How to use iSEE with big data
iSEE 2.19.3
Compiled date: 2025-03-06
Last edited: 2018-03-08
License: MIT + file LICENSE
Some tweaks can be performed to enable iSEE to run efficiently on large datasets. This includes datasets with many features (methylation, SNPs) or many columns (cytometry, single-cell RNA-seq). To demonstrate some of this functionality, we will use a dataset from the TENxPBMCData dataset:
library(TENxPBMCData)
sce.pbmc <- TENxPBMCData("pbmc68k")
sce.pbmc$Library <- factor(sce.pbmc$Library)
sce.pbmc
#> class: SingleCellExperiment
#> dim: 32738 68579
#> metadata(0):
#> assays(1): counts
#> rownames(32738): ENSG00000243485 ENSG00000237613 ... ENSG00000215616
#> ENSG00000215611
#> rowData names(3): ENSEMBL_ID Symbol_TENx Symbol
#> colnames: NULL
#> colData names(11): Sample Barcode ... Individual Date_published
#> reducedDimNames(0):
#> mainExpName: NULL
#> altExpNames(0):
Many SummarizedExperiment
objects store assay matrices as in-memory matrix-like objects,
be they ordinary matrices or alternative representations such as sparse matrices from the Matrix package.
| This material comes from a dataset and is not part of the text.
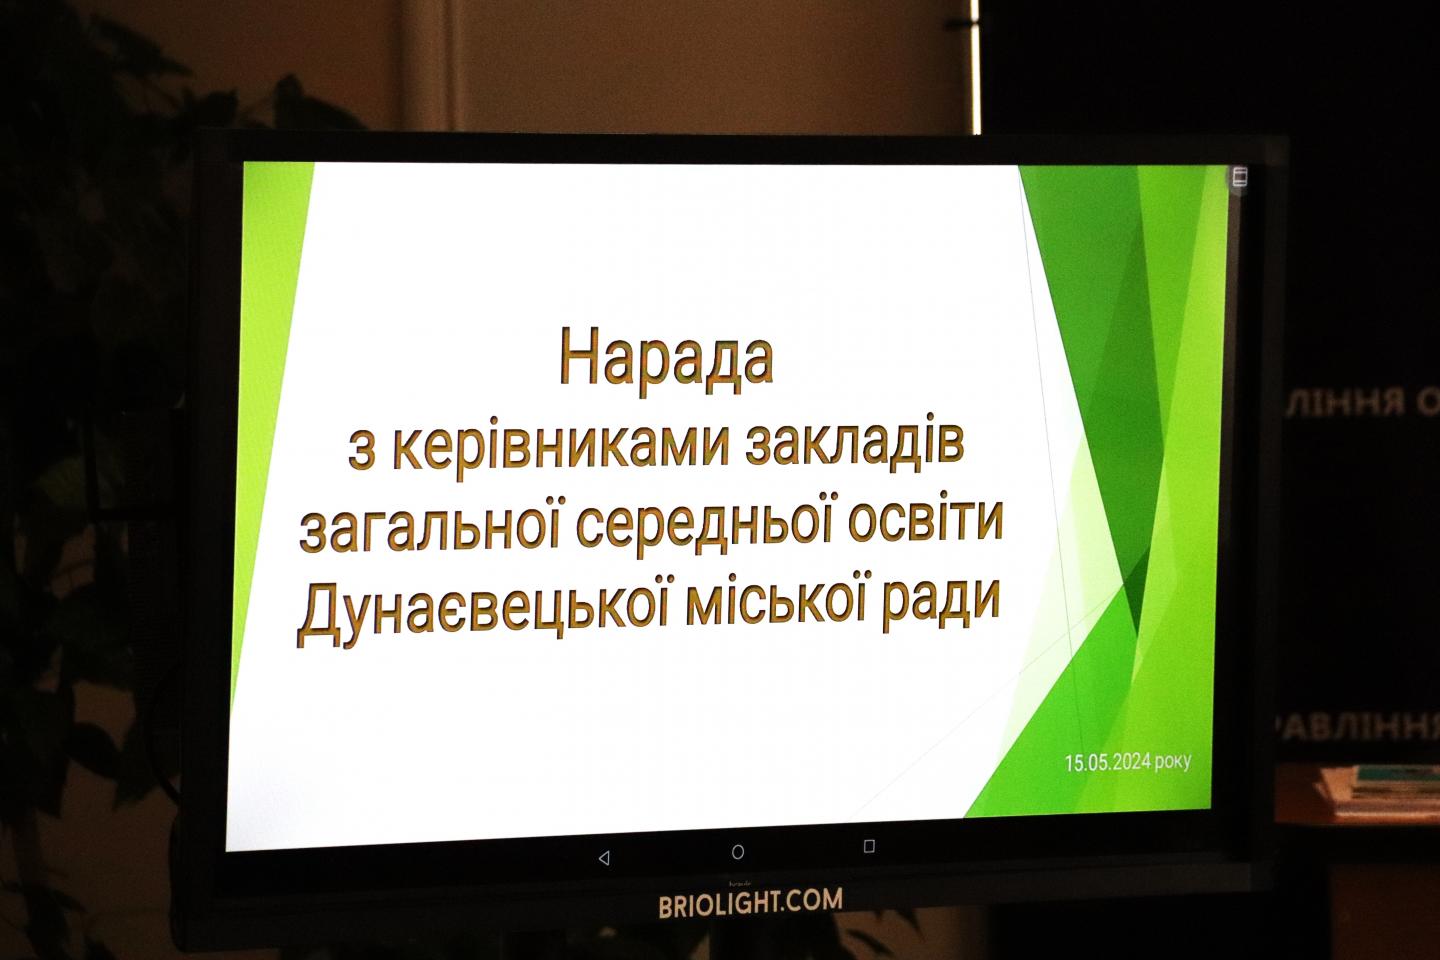 http://dunrada.gov.ua/uploadfile/archive_news/2024/05/15/2024-05-15_9683/images/images-24209.jpg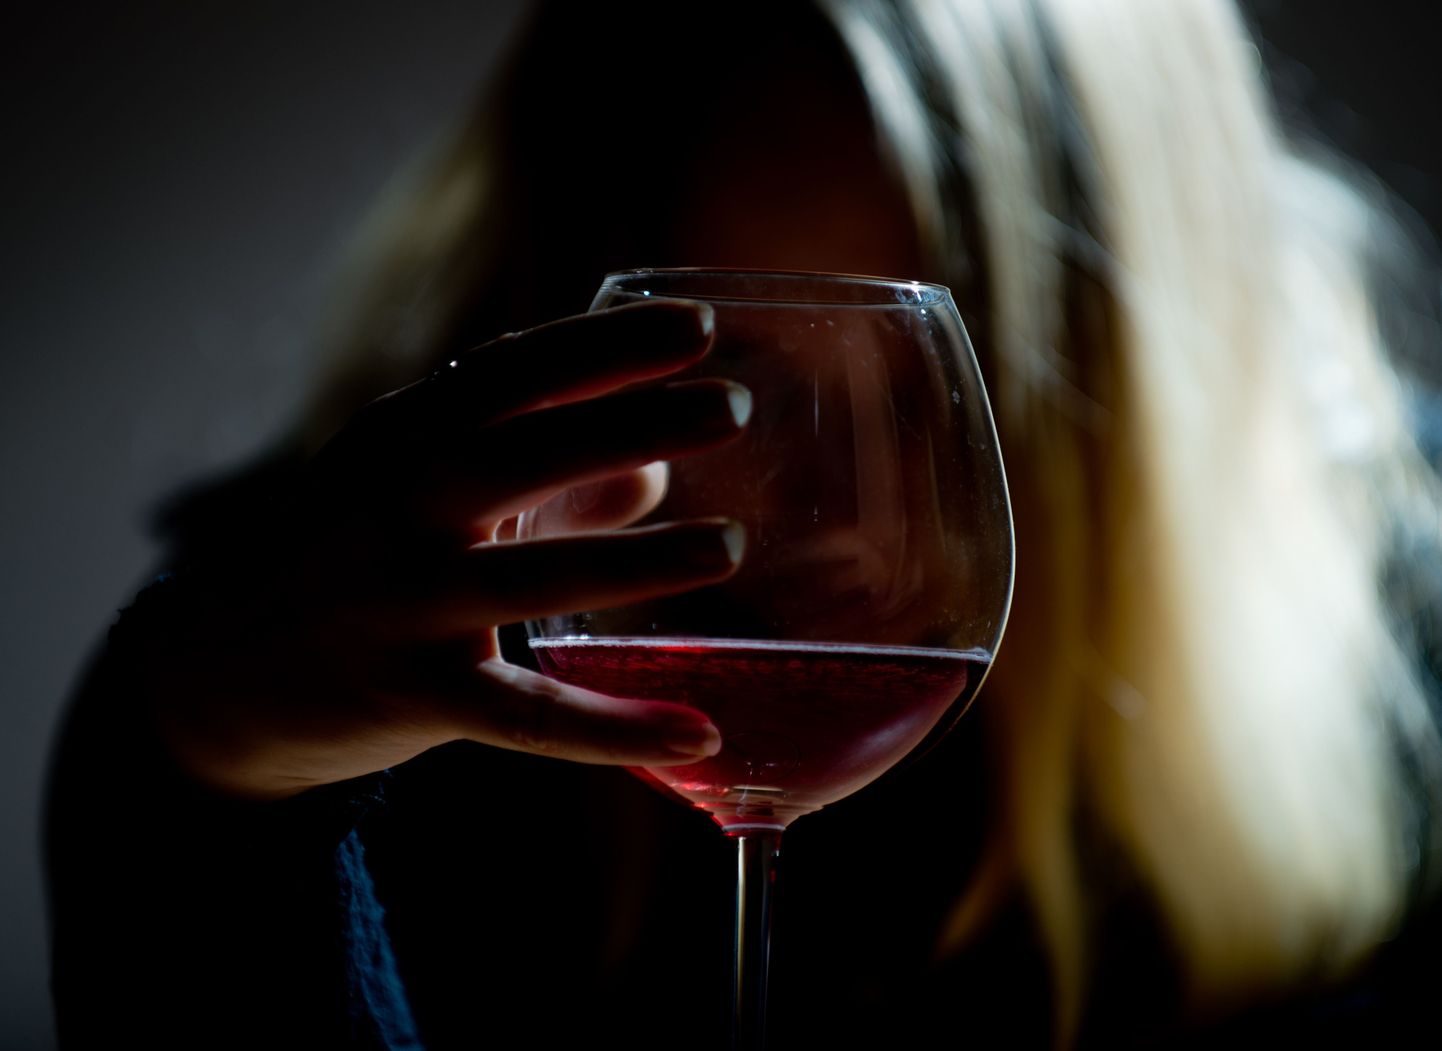 Aina enam on Eestis alkohoolikute seas noori naisi, kelle sõltuvus saab alguse igaõhtusest veinist.

For example, if we looked at the Allen data, we would see that the counts are stored as an ordinary matrix.
library(scRNAseq)
sce.allen <- ReprocessedAllenData("tophat_counts")
class(assay(sce.allen, "tophat_counts"))
#> [1] "matrix" "array"
In situations involving large datasets and limited computational resources, storing the entire assay in memory may not be feasible.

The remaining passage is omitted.